Poker Cheaters Story Airs on 60 Minutes

Written by:
C Costigan
Published on:
Nov/30/2008
60 Minutes Poker Cheating

The much anticipated poker cheaters story aired Sunday night on the most watched news magazine, 60 Minutes.  The story was heavily promoted throughout Sunday's NFL games including two marquee late afternoon games airing on CBS.  Those game time plugs were enticing to be certain:  "The great poker cheaters who swindled millions of dollars and got away with it."

"He was raising, just really, really bad hands against very good hands. He seemed to play crazy," Todd Witteles said of the cheater.  Witteles is a computer scientist turned poker player who believed he was losing too much to the same person. "It seemed like he was giving his money away. Except the only thing was, he wasn't losing. He was playing in a style that was sure to lose, but he was killing the game day after day," Witteles, who played a key detective role, remembers.

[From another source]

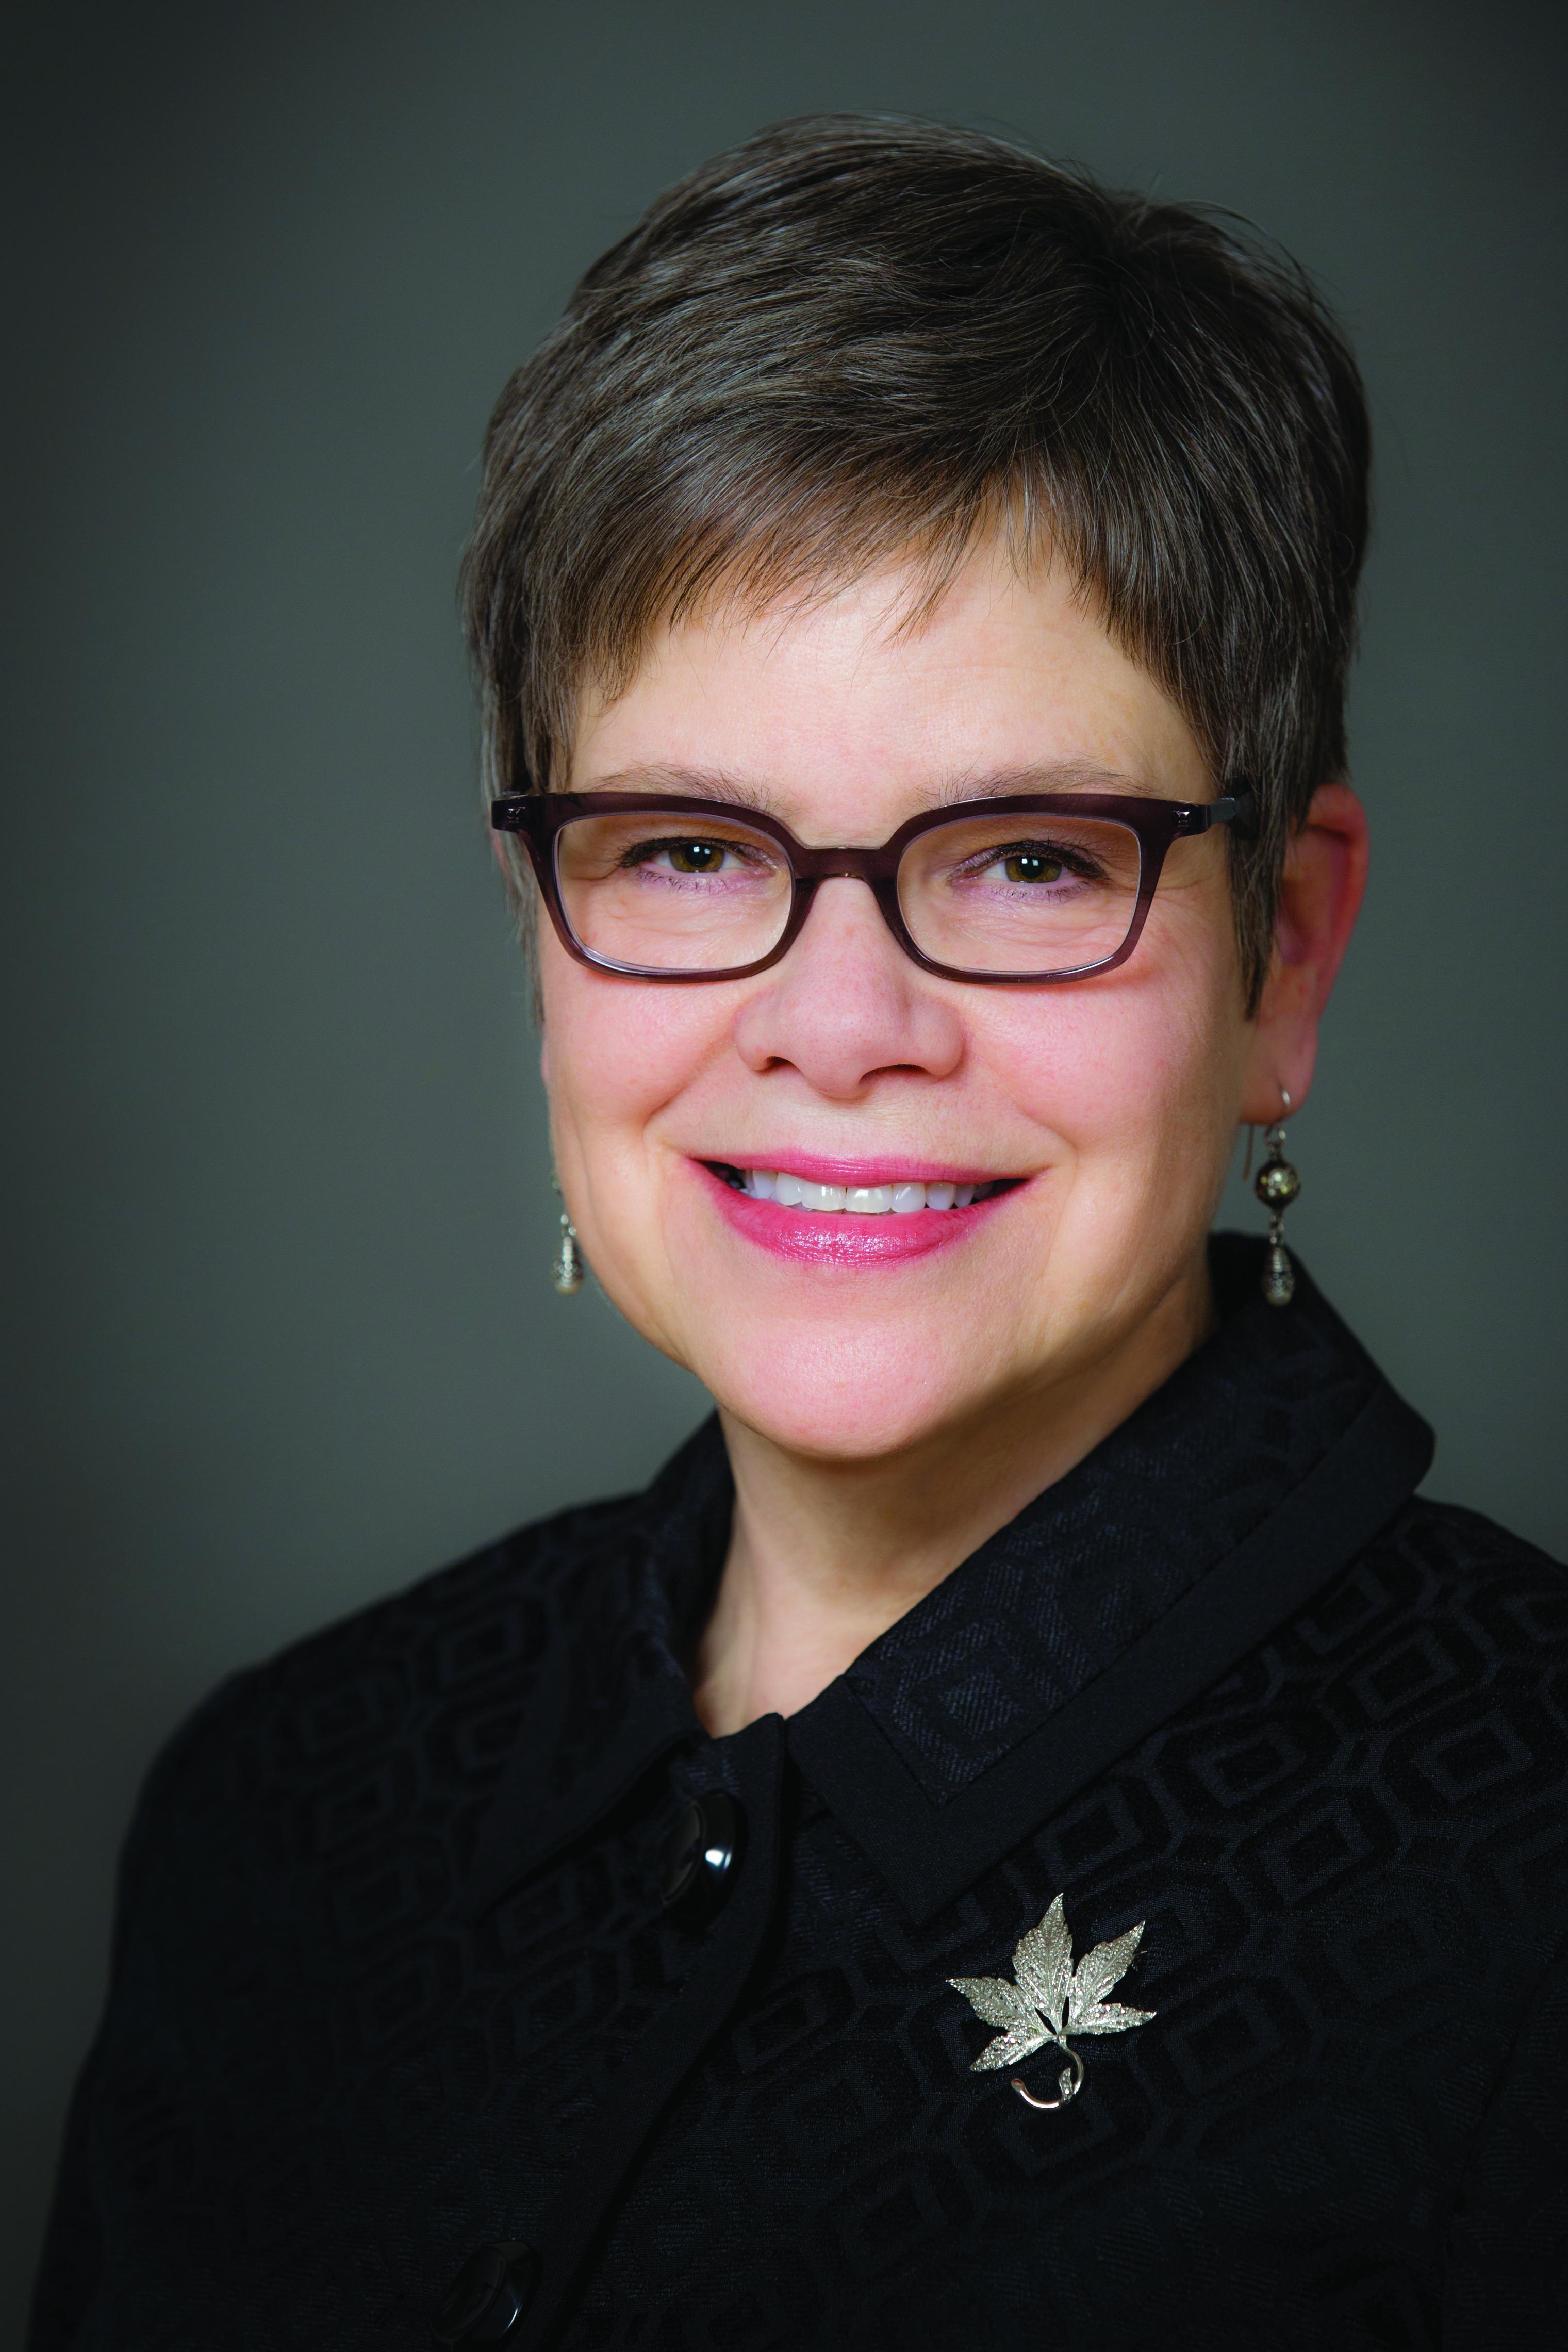 KCAD President Leslie Bellavance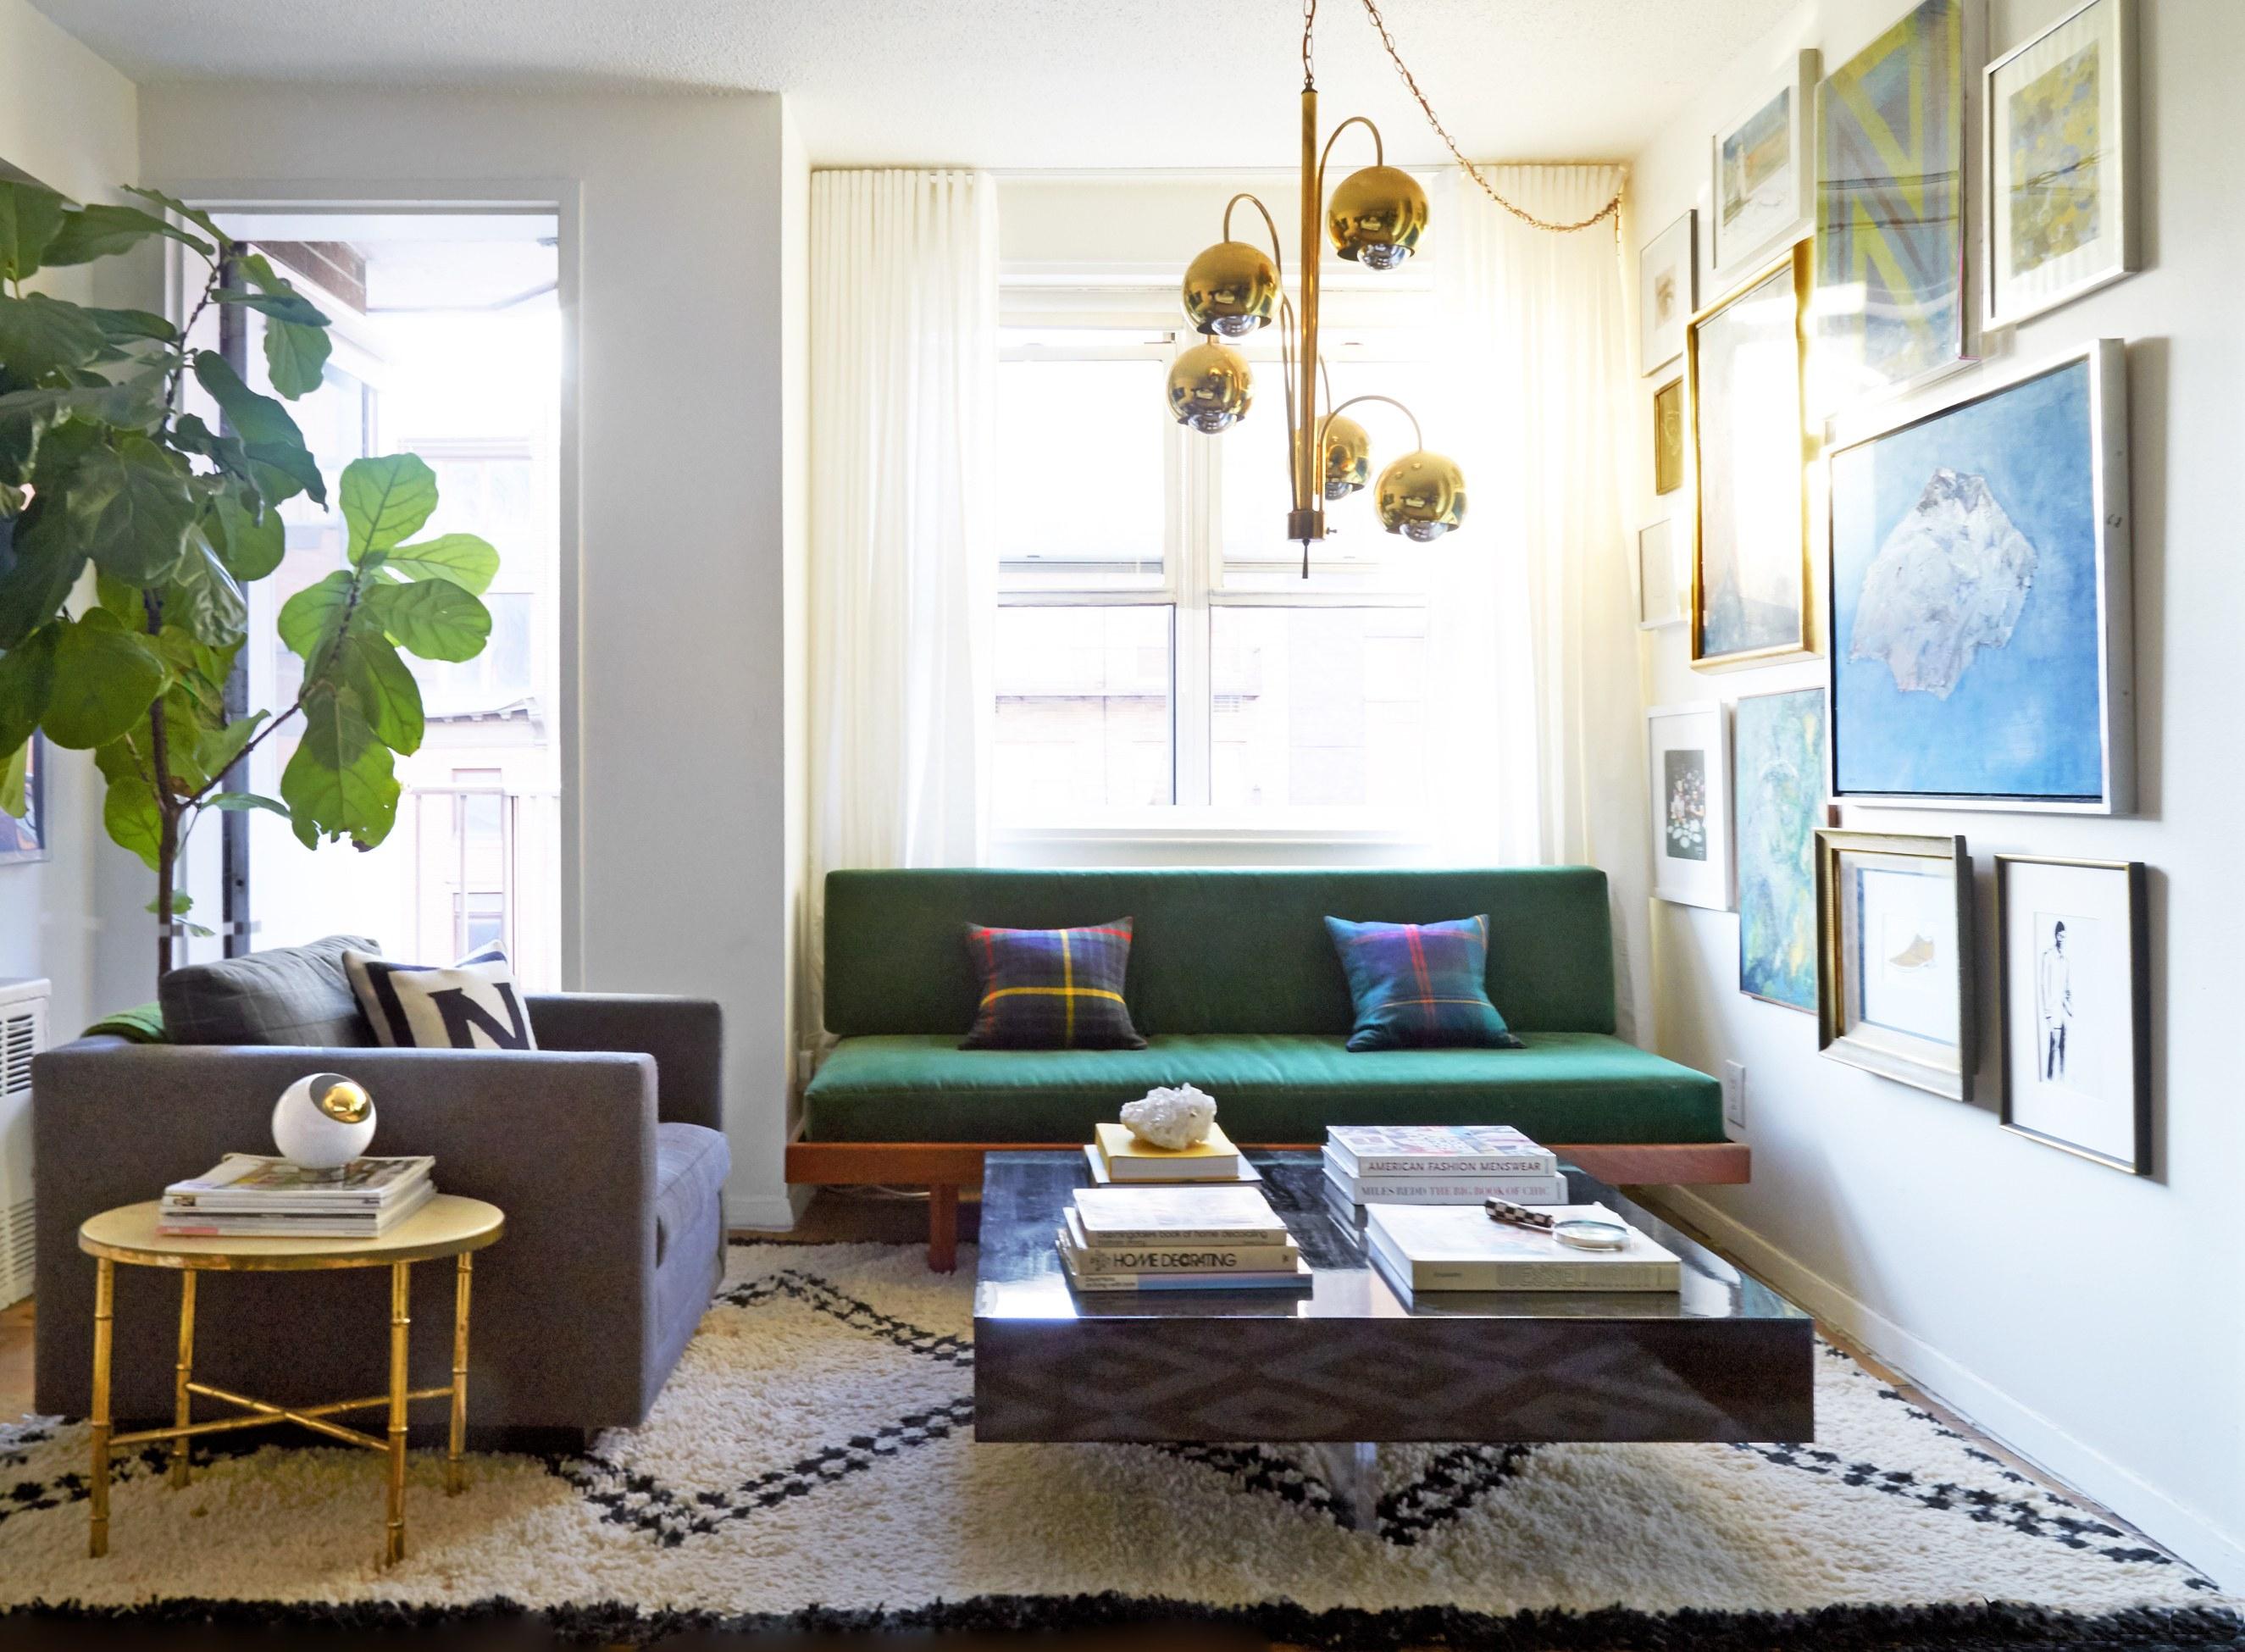 10 Fantastic Decorating Ideas For Studio Apartment how to decorate a studio apartment tips for studio living decor 2020

Michael Josem, a player and a computer security expert, plotted the odds of such consistent success. "We did the mathematical analysis to find that they were winning at about 15 standard deviations above the mean...approximately equivalent to winning a one-in-a-million jackpot six consecutive times." The cheating netted more than $20 million.

In the wild wild West, if you were caught gambling, it was a capital felony, 60 Minutes started off their segment.   That didn't happen in the case of AbsolutePoker.com, which was the center of the report. 

What got poker players most angry was that Absolute Poker cut a deal with the cheater in exchange for explanation to how he did it, according to the report. 

Frank Catania, the one time director of New Jersey"s Division of Gaming Enforcement, said "we owe it to the players in uncovering what happened."

The cheater was revealed as World Series of Poker winner, Russ Hamilton.  He and five co-conspirators seem to be getting away with it, the 60 Minutes report stated. 

60 Minutes didn't have much time locating Russ Hamilton.  They simply called his Las Vegas home.